Among the new features in the CloudStack 4.1 release is Region Support, which is similar to a capability currently offered by Amazon AWS.

“This is about making CloudStack more flexible for people that are running geographically distributed clouds,” Brockmeier said.

Another key feature that gets a boost is Auto Scaling. According to CloudStack’s documentation, “Auto Scaling allows you to scale up or scale down back-end services or application virtual machines(guest VMs) based on various conditions you define and thereby ensure optimum use of virtual resources.”

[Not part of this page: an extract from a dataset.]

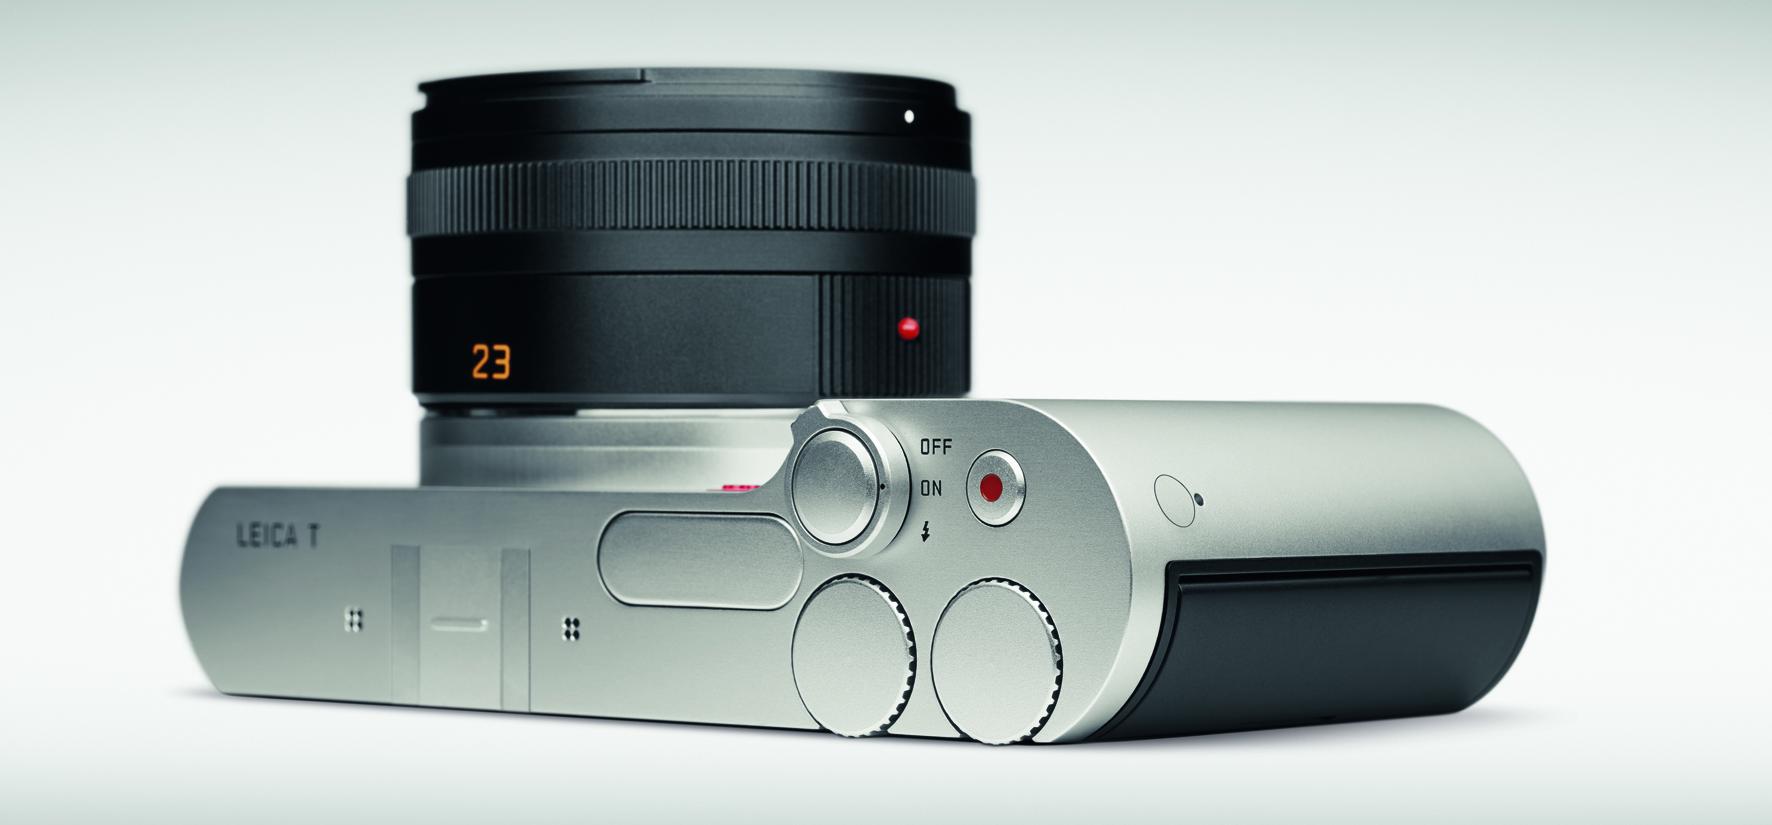 Leica T top controls

The Auto Scaling feature in CloudStack 4.1 will work with Citrix’s NetScaler load balancer. Brockmeier stressed that the technology is not specific to Citrix, as the Apache project is always trying to be open and inclusive. He expects that over time, other load balancing solutions from mulitple vendors will be plugging into the feature as well via an open interface.


Security gets a boost in CloudStack 4.1 with egress firewall rules for guest networks.

“Basically we’re talking about setting up firewalls for any guest traffic coming from virtual machines that is going out to the public network,” Brockmeier said. “That’s where you are thinking about what you want to allow out of virtual machines instances as opposed to what traffic do you want to allow to reach them.”

From an access control perspective, Brockmeier noted that today CloudStack has three core classes of users. There is the root domain, which has control of the entire cloud, then there are sub-domains and domain users. Going a step further, CloudStack also provides Single-Sign-On capabilities with LDAP and ActiveDirectory. Moving forward, additional options for more granular Role Based Access Control are likely to land in CloudStack.

CloudStack 4.2

With the CloudStack 4.1 release now generally available, the focus of attention will turn to development of CloudStack 4.2.

While it is still early in the process, a number of features may be included in the next release of CloudStack, including support for Windows 8 and Windows Server 2012. The egress rules for firewall will be supported on the Juniper SRX security appliance and IP address reservation capabilties are also expected to be part of CloudStack 4.2.

The current plan is for the CloudStack 4.2 release to become generally available in the August, September timeframe.